Given that research shows 60% of the variation between people's physical performance is genetic, it makes sense to tap into your inherited predispositions as you work to achieve your goals. If you've recently hit a fitness plateau, or you've simply never experienced the results you want from a workout program, click through the slideshow to learn how understanding your DNA profile could truly personalize your training program.

A DNA Kit + Report from FitnessGenes runs $199, while the personalized programs start at $1 per day, after the DNA profile is complete. If you're tired of spinning your wheels without results, it might just be the investment you need.

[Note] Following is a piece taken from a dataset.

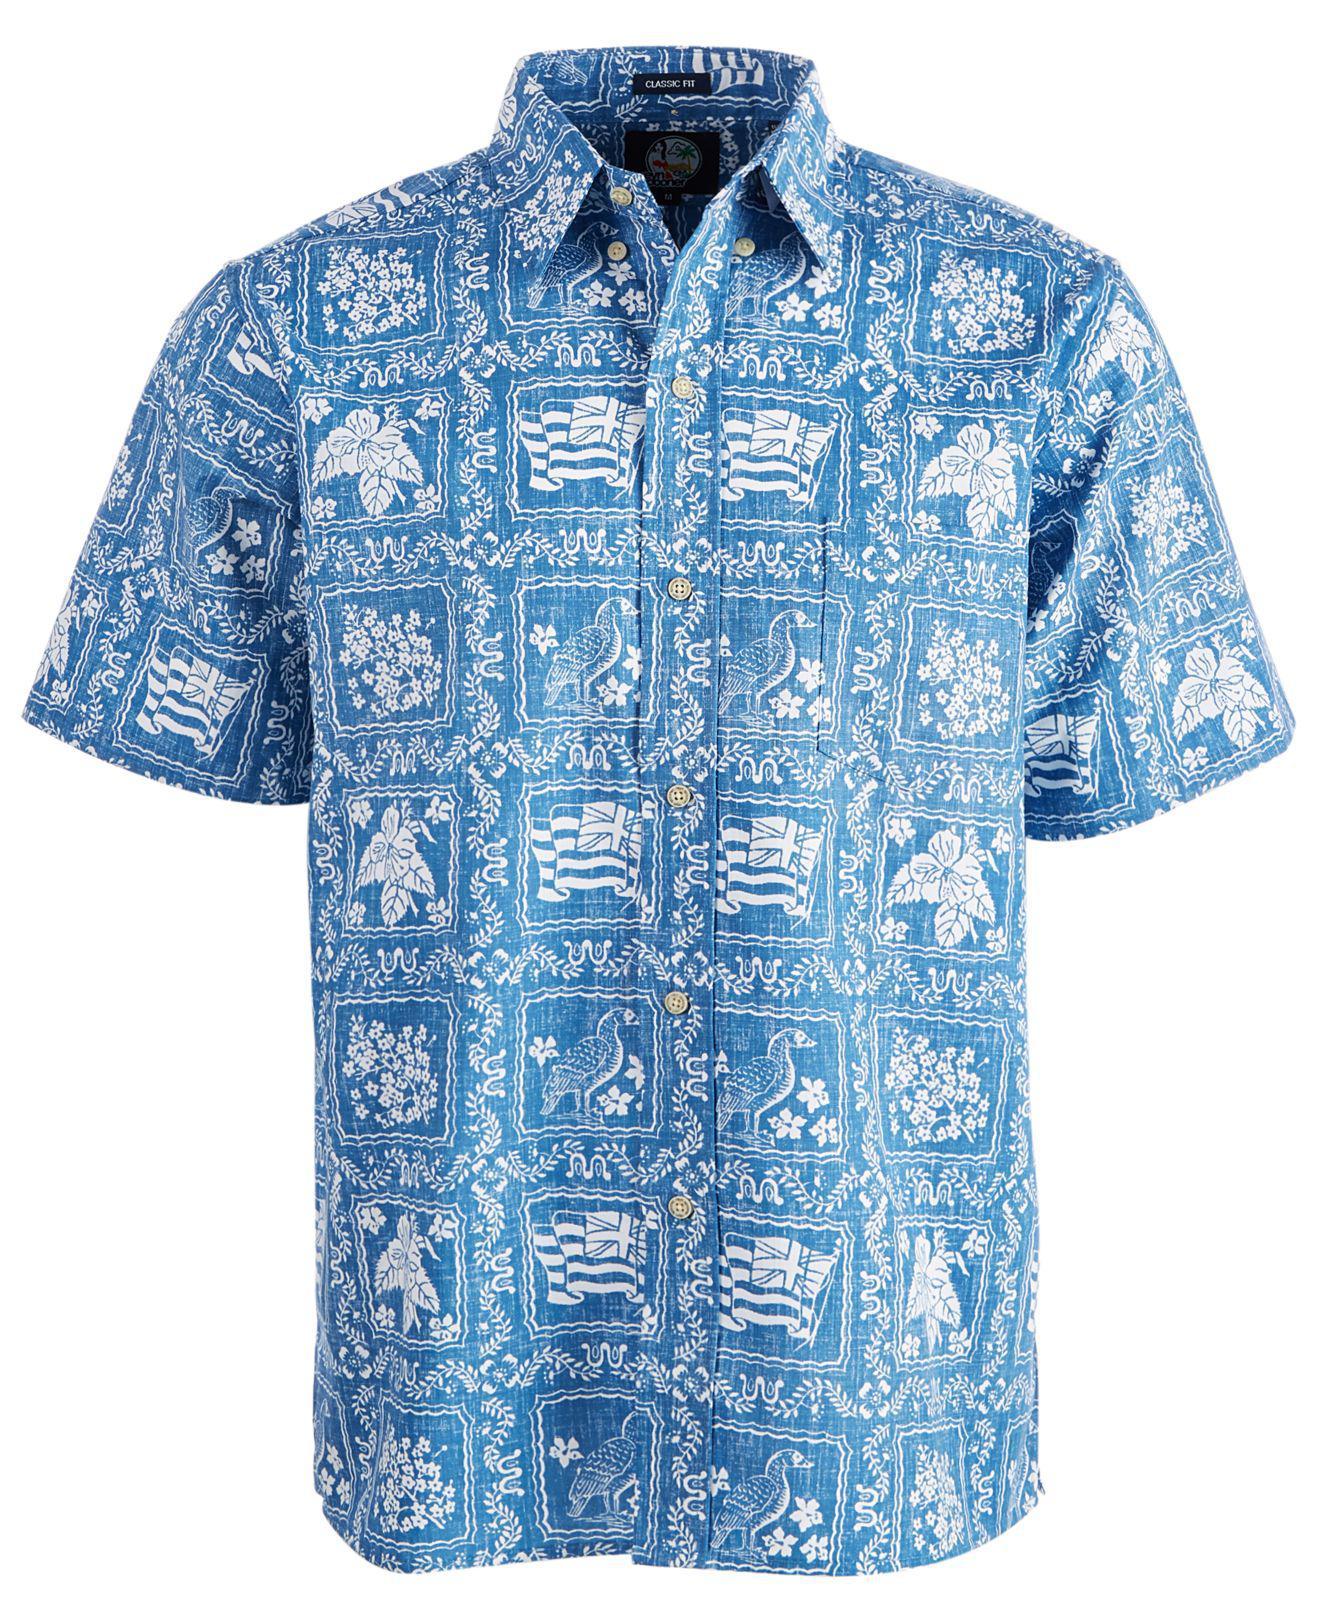 217e30938a07 Lyst - Reyn Spooner Printed Shirt in Blue for Men
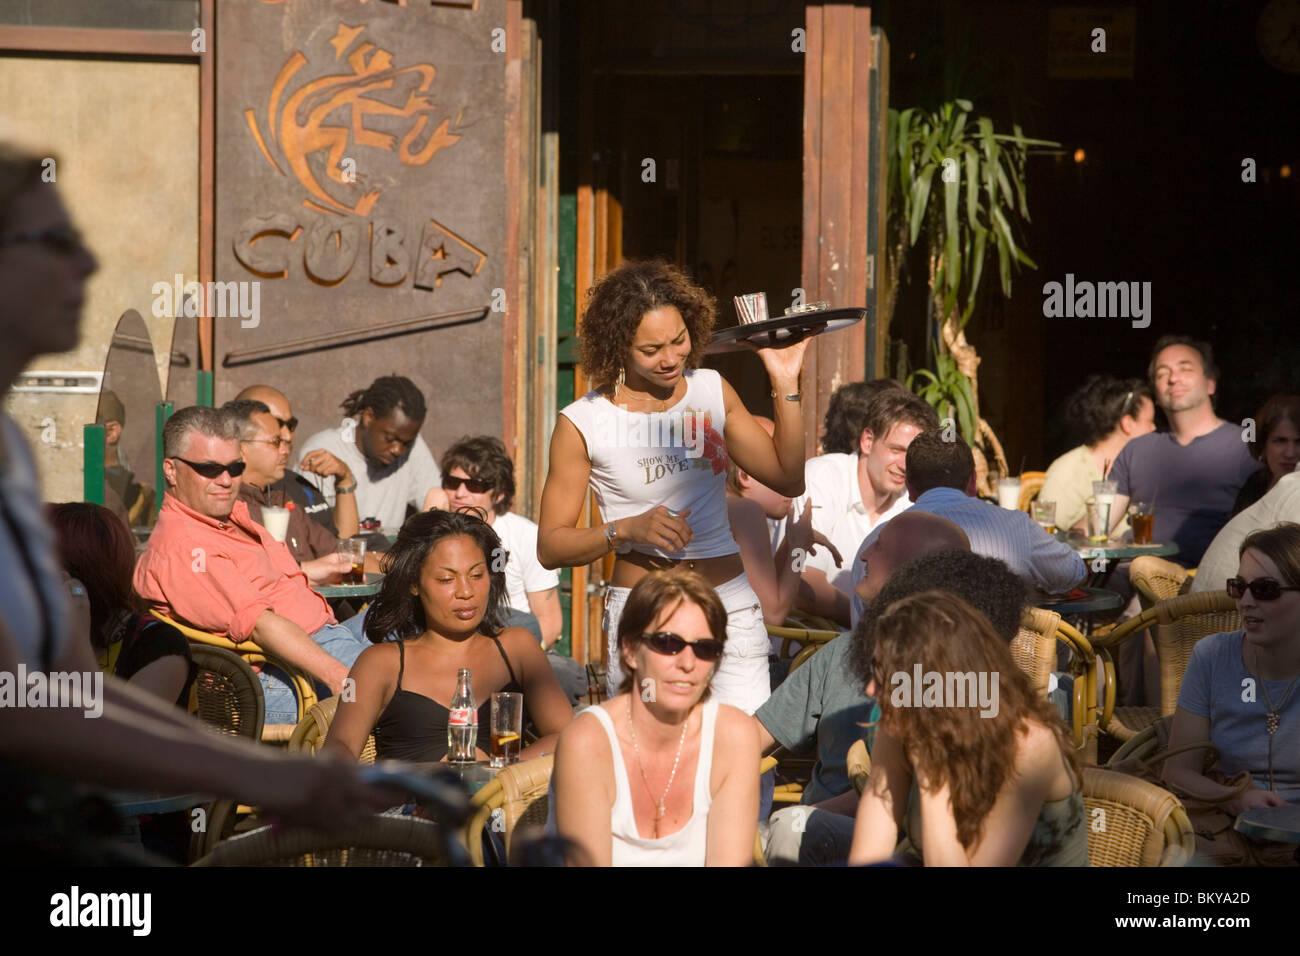 Gäste, Cafe Cuba, Nieuwmarkt, Kellnerin, Kellnerin, Getränke im Café ...

About the Author: Dr. Dan Reardon, Co-Founder of FitnessGenes

Dr. Reardon is a medical doctor with an MBChB (UK’s MD equivalent) and a BSc (Bachelors of Science) in Human Anatomy. An emergency room doctor for 10 years; he is also a certified personal trainer with over 15 years in the fitness industry. Dr. Reardon is a fitness writer, 2-time author and Science Editor of Muscle & Fitness and Flex magazines in the UK, Europe and Australia.

About FitnessGenes

FitnessGenes is the only DNA-specific online platform that eliminates the guessing game from fitness and nutrition. With a quick DNA kit and customized digital report, FitnessGenes reveals specific genetic traits including metabolic tendencies, dietary sensitivities, fat burning capacity, muscle type and recovery time. Once results are revealed, their Fat-Loss and Muscle-Building Genetic Training System (GTS) programs provides personalized, week-by-week exercise plans and nutritional recommendations based on your DNA, to maximize fat burning, muscle building and improve overall health and wellness.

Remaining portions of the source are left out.